Manufacturing method of injection mold for lens molding and mold manufactured thereby {METHOD FOR MANUFACTURING CORE PIN FOR INJECTION MOLDING OF OPTICAL LENS AND CORE PIN MANUFACTURED THEREBY}

The present invention relates to a method of manufacturing an injection mold for forming a camera lens and a mold manufactured thereby.

A camera module applied to mobile devices, including mobile phones and smartphones, or to various devices for video recording, is a component that converts images received through a lens into digital signals. These camera modules are often manufactured with an image sensor, a substrate, and a lens that transmits light to the sensor.

The lens module is made of a transparent spherical or aspherical surface to collect or diverge the light of an object and form an optical image. As the specifications of the camera module become higher, the applied lenses may also consist of multiple pieces. Lenses include light-transmitting glass or liquid, but they are manufactured by injection molding of plastic, which is excellent in mass production and can secure price competitiveness.

In general, molds used for injection molding lenses for camera modules use upper and lower angle core pins that have a lens surface shape. These core pins are a key element that determines the quality of lenses, but they also need to have sufficient durability to maintain mass production. Since the lens has a spherical or aspherical shape depending on its shape, the core pin must also be precisely processed to have such a shape.

When processing a spherical or aspherical cavity to form a lens using chrome alloy stainless steel mold steel (e.g. STAVAX), the reaction between the tool and the mold steel causes wear of the tool and damage the machined surface to obtain the desired mirror surface. difficult. Therefore, nickel plating is formed on the core pin to a certain thickness and then subjected to finishing processing to obtain an aspherical lens-shaped mold surface.

The existing method for obtaining a spherical or aspherical lens shape is to first rough and offset the core pin material ((a) in Figure 4) when there is an order for the shape of the lens to be molded ((b) in Figure 4). ), plating was performed (Figure 4(c)), and the plated material was subjected to finishing processing to complete the final shape (Figure 4(d)). However, according to this method, no matter how quickly the remaining processes are performed, plating takes more than a day, so there is a limit to shortening the overall manufacturing time.

* Related prior literature

Japanese Patent No. 5267253 (registered on May 17, 2013)

Japanese Patent Publication No. 2009-241297 (published on October 22, 2009)

Japanese Patent Publication No. 2006-051702 (published on February 23, 2006)

The purpose of the present invention is to propose a method of manufacturing an injection mold for lens molding and a mold manufactured thereby that can significantly shorten the processing time, minimize the possibility of defects due to plating, and improve the quality of surface roughness.

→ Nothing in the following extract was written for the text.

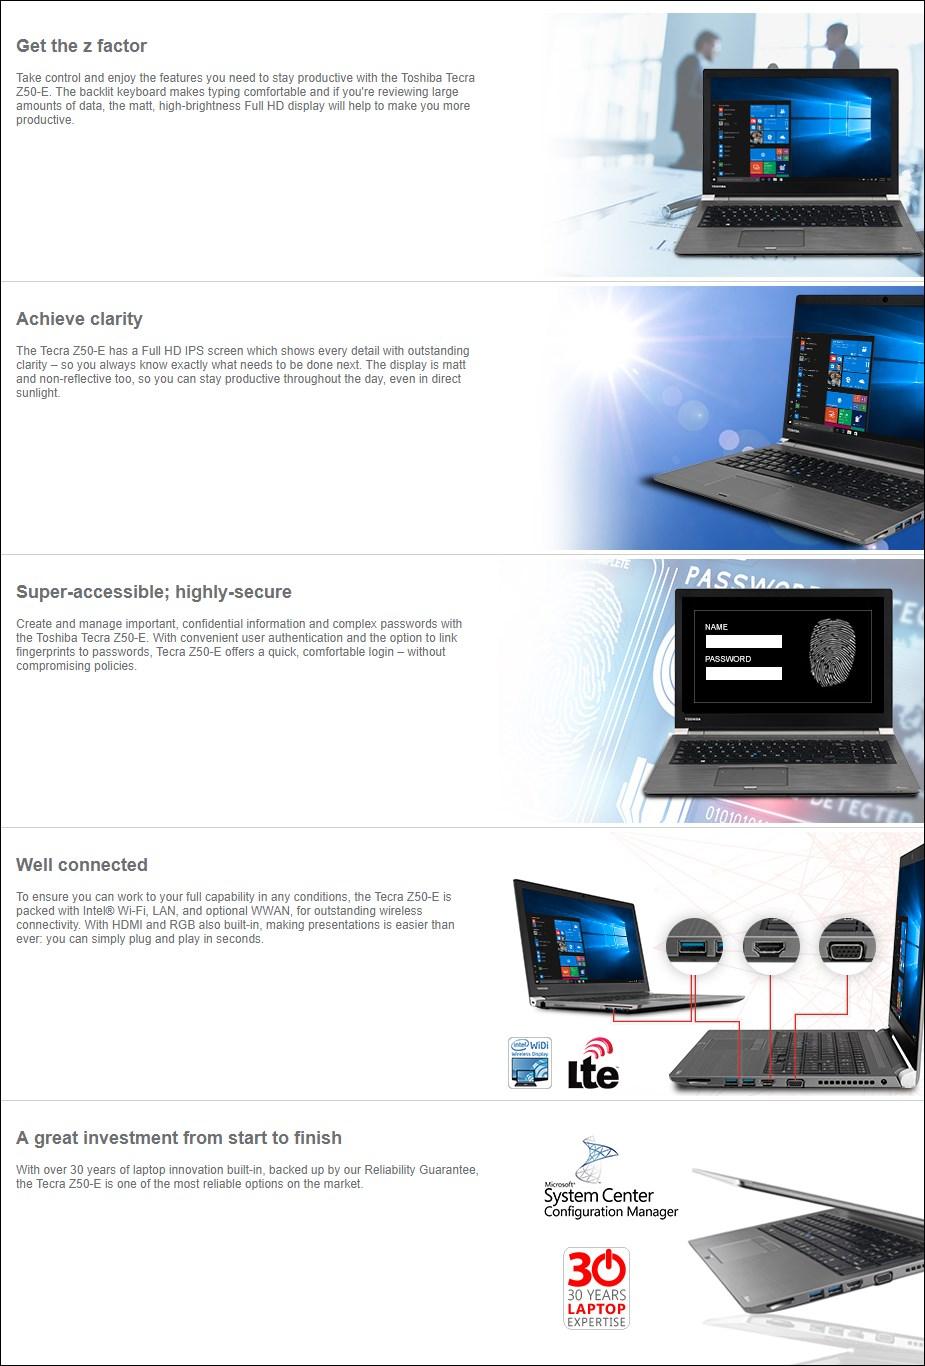 """Toshiba Tecra Z50-E 15.6"""" Laptop i5-8250U 8GB 256GB W10P - Overview 1"""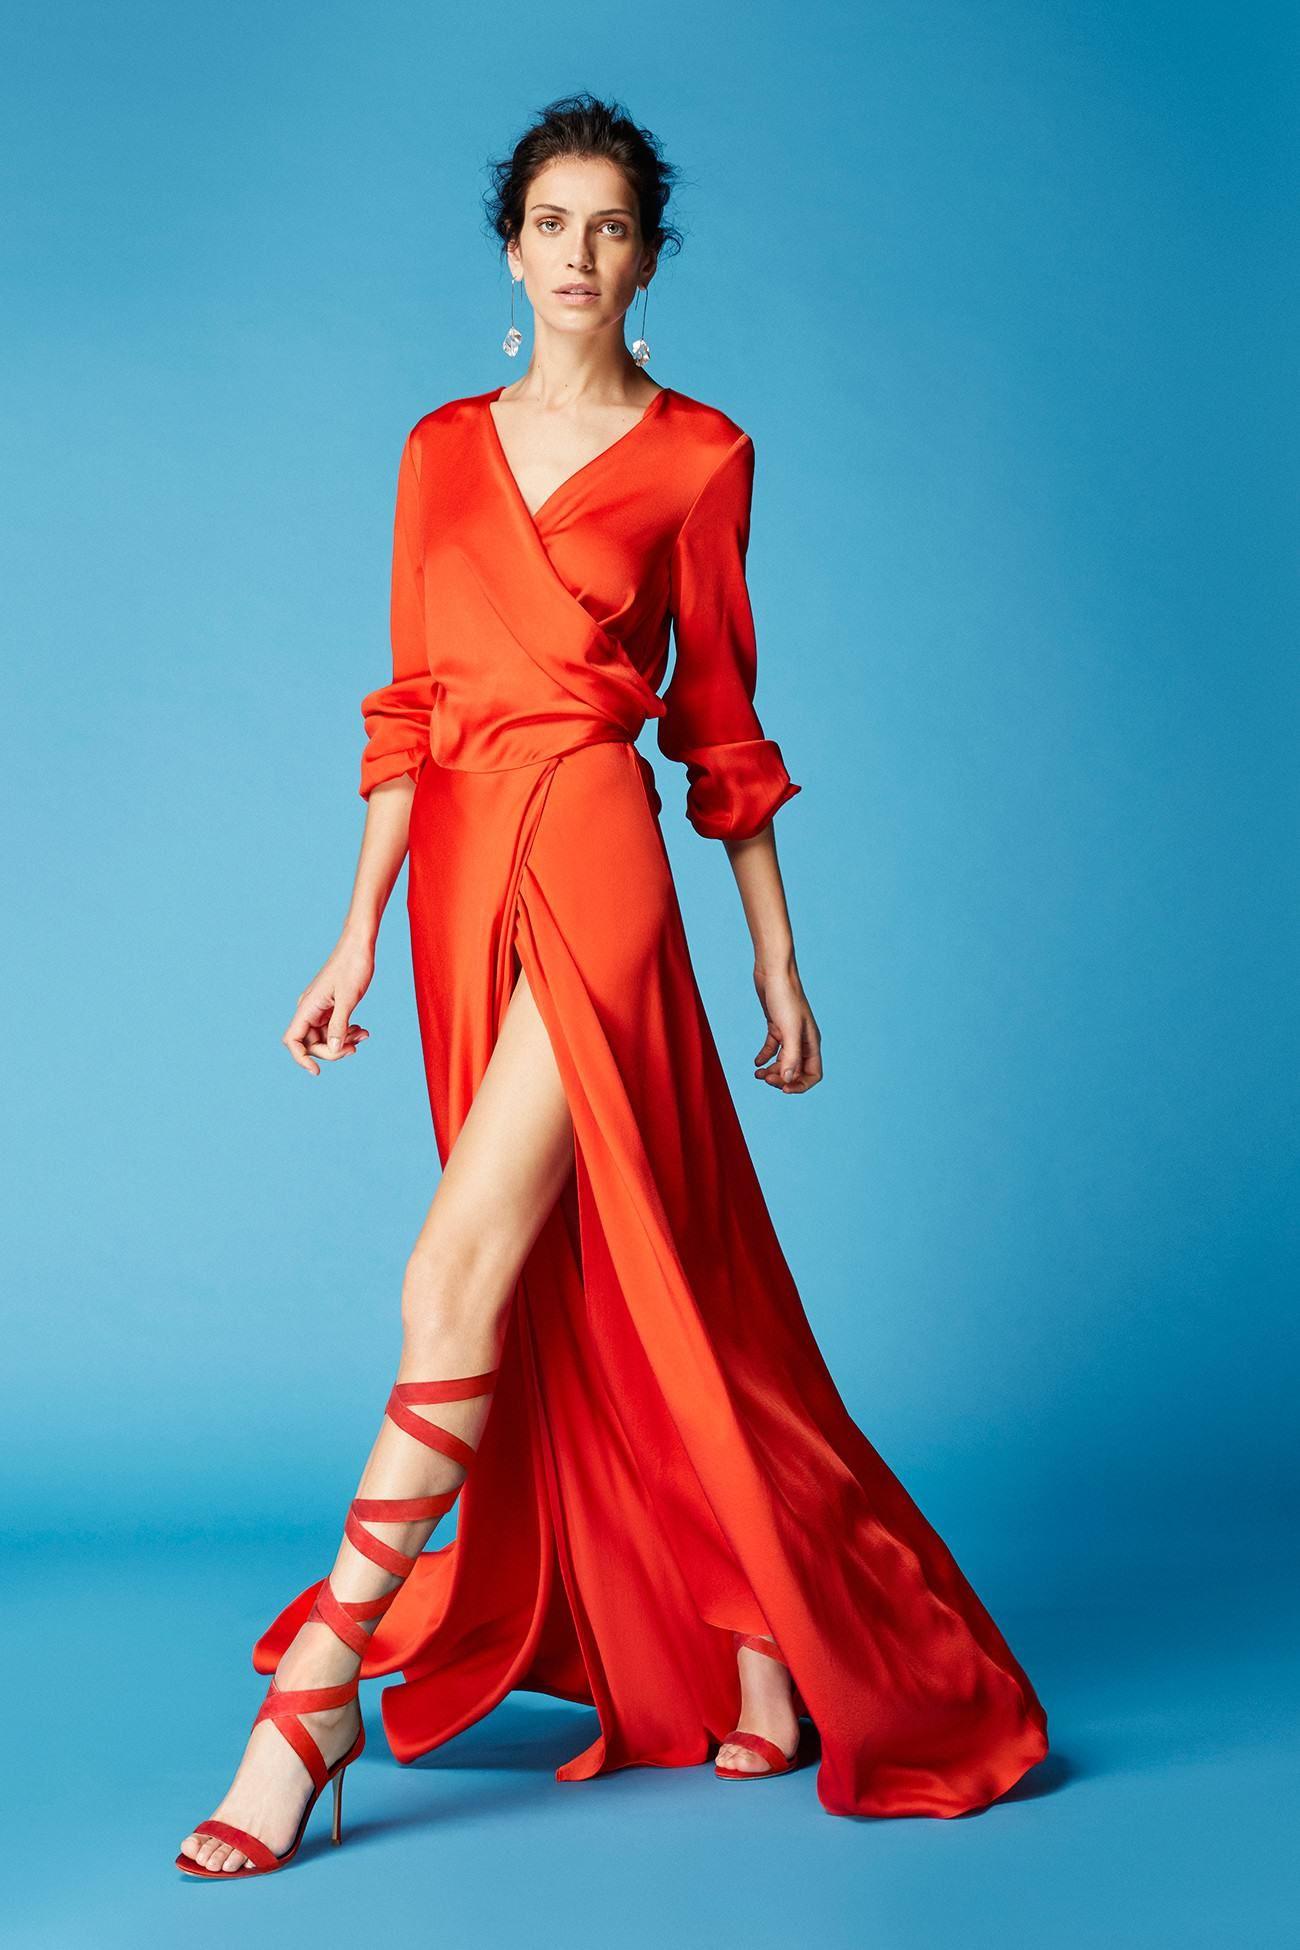 897b606d6bac2 Descubre la colección. Descubre la colección Vestidos Camiseros Elegantes  ...

A method of manufacturing an injection mold for lens molding related to the present invention includes the steps of performing basic processing on a rod-shaped material; performing nickel plating on the material; Receiving a custom shape to be applied to the plated workpiece; And it includes the step of performing lens-shaped finishing processing on the plated material according to the custom shape.

As an example related to the present invention, the step of performing basic processing of the rod-shaped material may include forming a circumferential groove on the side of the end of the rod-shaped material to increase the bonding force of the plating layer. there is.

As an example related to the present invention, the step of performing nickel plating on the material may be performing electroless electroplating on the material.

As an example related to the present invention, the method of manufacturing an injection mold for lens molding may further include performing heat treatment on the plated material after plating nickel on the material.

As an example related to the present invention, the heat treatment may include at least one of tempering, annealing, and normalizing.

As an example related to the present invention, in the step of plating nickel on the material, the thickness of the nickel plating may be 30 to 700 ㎛.

As an example related to the present invention, in the step of performing nickel plating on the material, the area where the plating is performed may be the entire body of the material.

As an example related to the present invention, in the step of performing nickel plating on the material, the area where the plating is performed may be an aspherical area where a lens is formed.

As an example related to the present invention, in the step of performing nickel plating on the material, the thickness of the plating layer applied to the end of the material where the shape surface corresponding to the lens is located is thicker than the thickness of the plating layer to be applied to the side of the material. It can be formed.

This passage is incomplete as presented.